# ISO mud motor



## Thenewguy123 (Sep 19, 2015)

Anybody selling a mud motor I have a 12 ft boat that needs one and not a lot of cash


----------



## utahbigbull (May 9, 2012)

If there is an Oxymoron in life, it is "A mud motor for not a lot of money". 

I will probably be selling my 16hp Go-Devil so I can get one with more ponies, but it will likely not be untill after this season. If you could make due untill then, keep me in mind and let me know.


----------



## tumblweedkilla (Feb 26, 2015)

Mud skipper and swamp rats are fairly cheap.I bought a mud skipper for like 750-800 shipped to my house and it a 16 horse


----------



## lunkerhunter2 (Nov 3, 2007)

Mudskipper.com
Harborfreight.com/predatorengine

These 2 make a great couple. I run one on my 17' scanoe and it does awesome. I also ran it on my 12' aluminum boat with the same results. $400 otd and your running in the mud.


----------



## izzydog (Jan 18, 2008)

lunkerhunter2 said:


> Mudskipper.com
> Harborfreight.com/predatorengine
> 
> These 2 make a great couple. I run one on my 17' scanoe and it does awesome. I also ran it on my 12' aluminum boat with the same results. $400 otd and your running in the mud.
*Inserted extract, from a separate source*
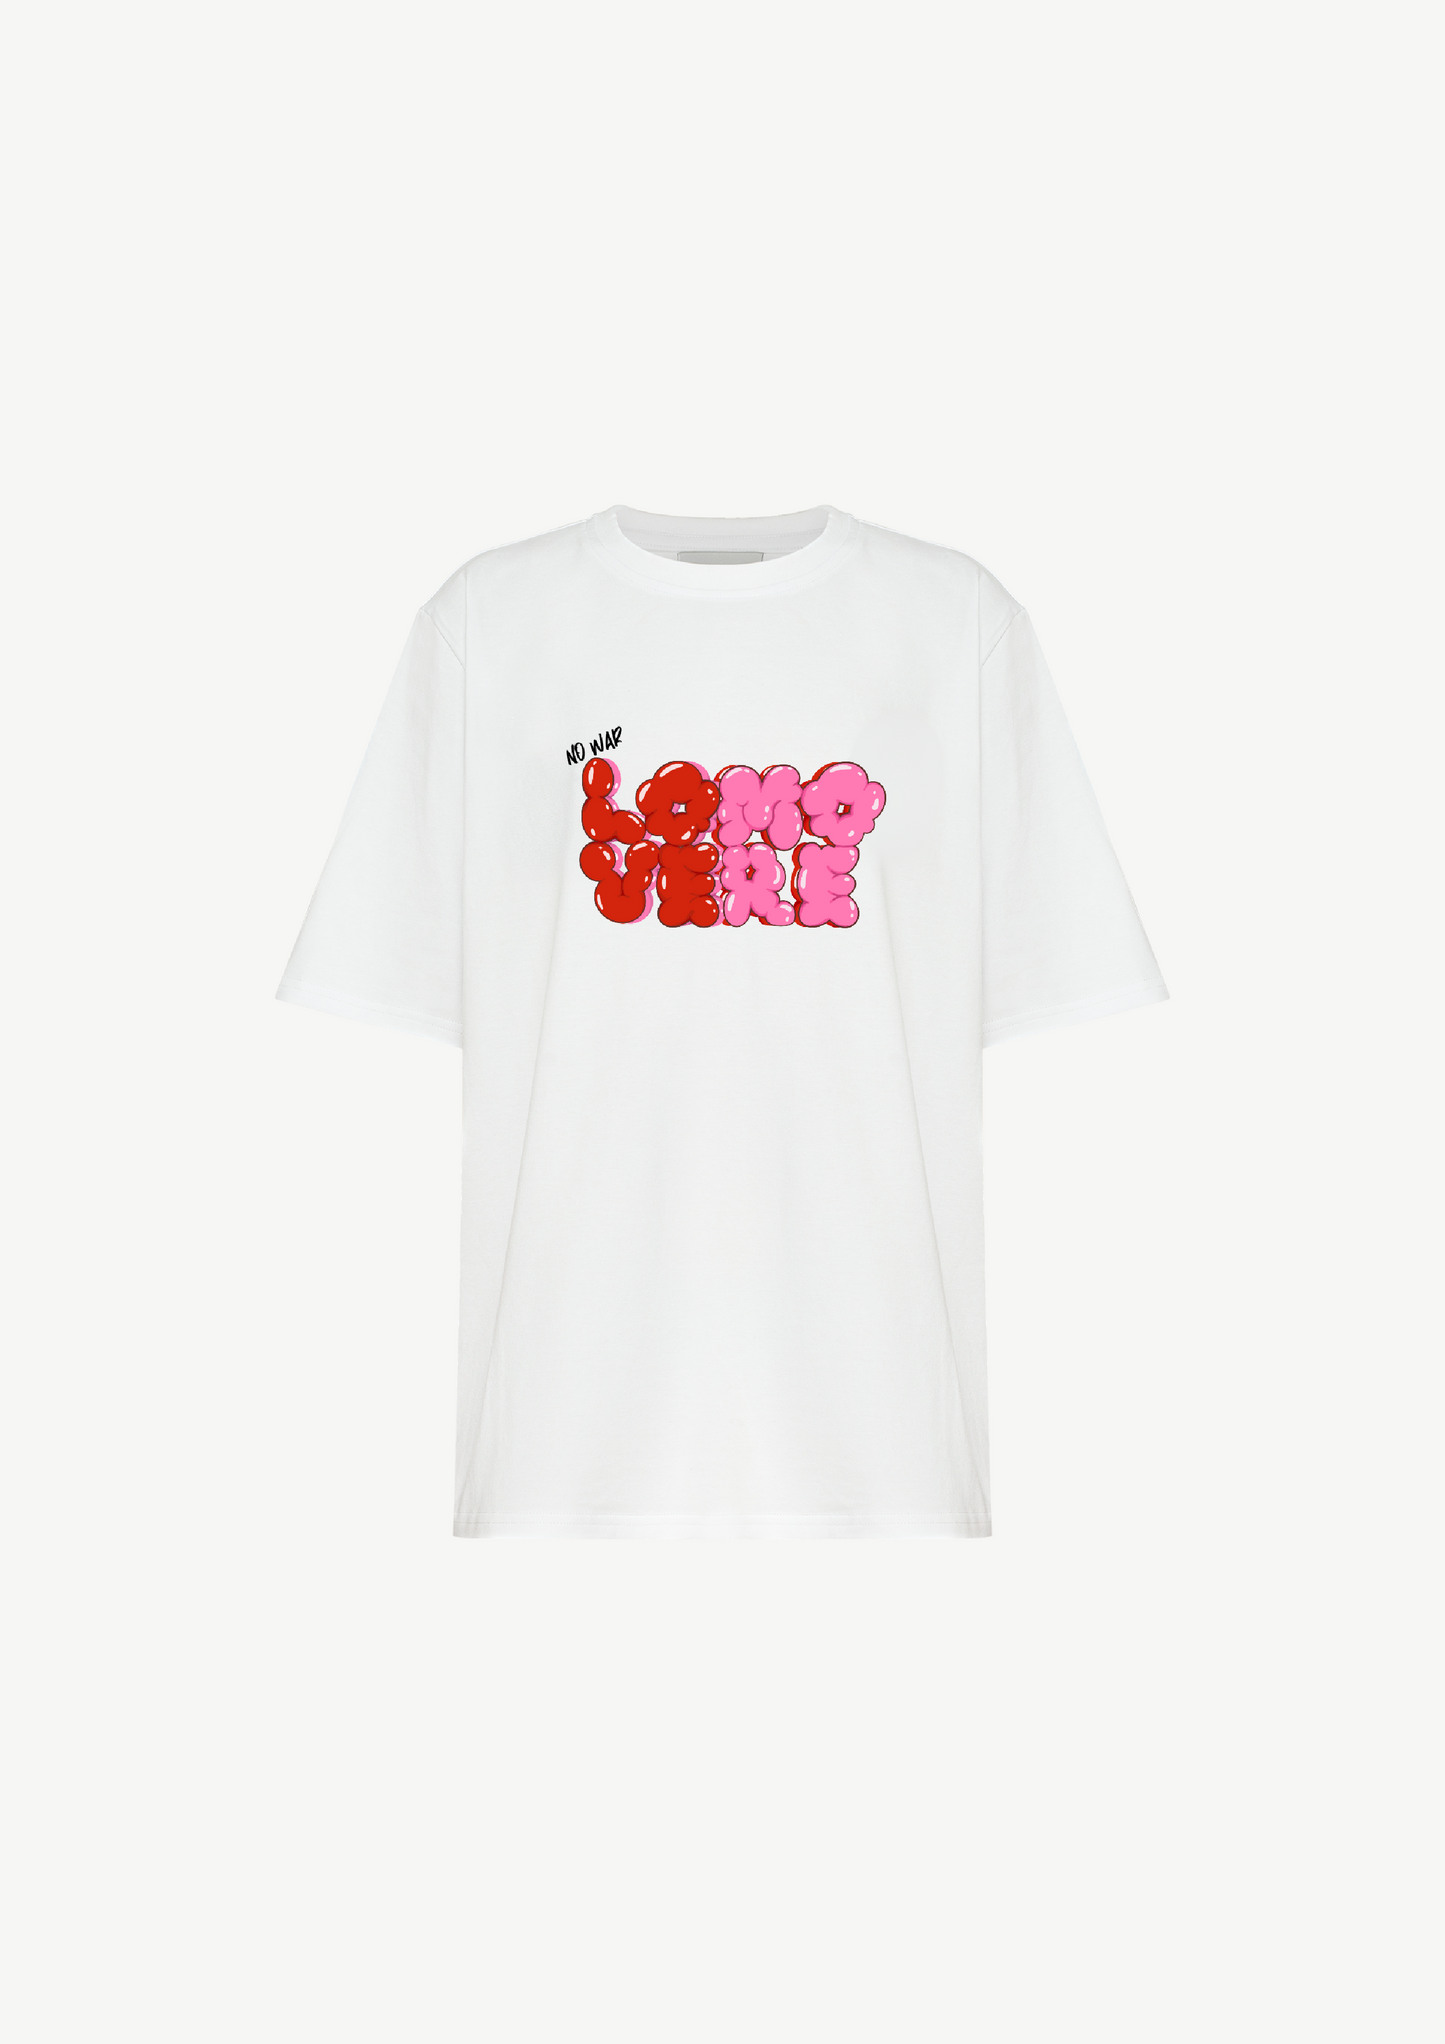 "Love More" T-shirt

Are you still running the stock props on yours, LH2? I have not been having a lot of luck keeping mine together for more than a few runs before they explode


----------



## lunkerhunter2 (Nov 3, 2007)

They are doing pretty good. Its the ice that destroys mine.


----------



## Thenewguy123 (Sep 19, 2015)

lunkerhunter2 said:


> Mudskipper.com
> Harborfreight.com/predatorengine
> 
> These 2 make a great couple. I run one on my 17' scanoe and it does awesome. I also ran it on my 12' aluminum boat with the same results. $400 otd and your running in the mud.[/QUOTE
> My father in law just gave me a Briggs and Stratton 7.5 hp and this kit will fit it thank you for the suggestion sir


----------



## lunkerhunter2 (Nov 3, 2007)

Yes it will. I think you will be happy with it if you decide to go with it. If you do buy the kit buy the EZ kit and pm me and o can show you some of the mods you will want to do to it that will help a lot. 

P.s. dont be alarmed ehen the box shows uo at your door. It has KKK all over it and all over the frame lol.


----------



## fish-n-fool (May 26, 2009)

lunkerhunter2 said:


> P.s. dont be alarmed ehen the box shows uo at your door. It has KKK all over it and all over the frame lol.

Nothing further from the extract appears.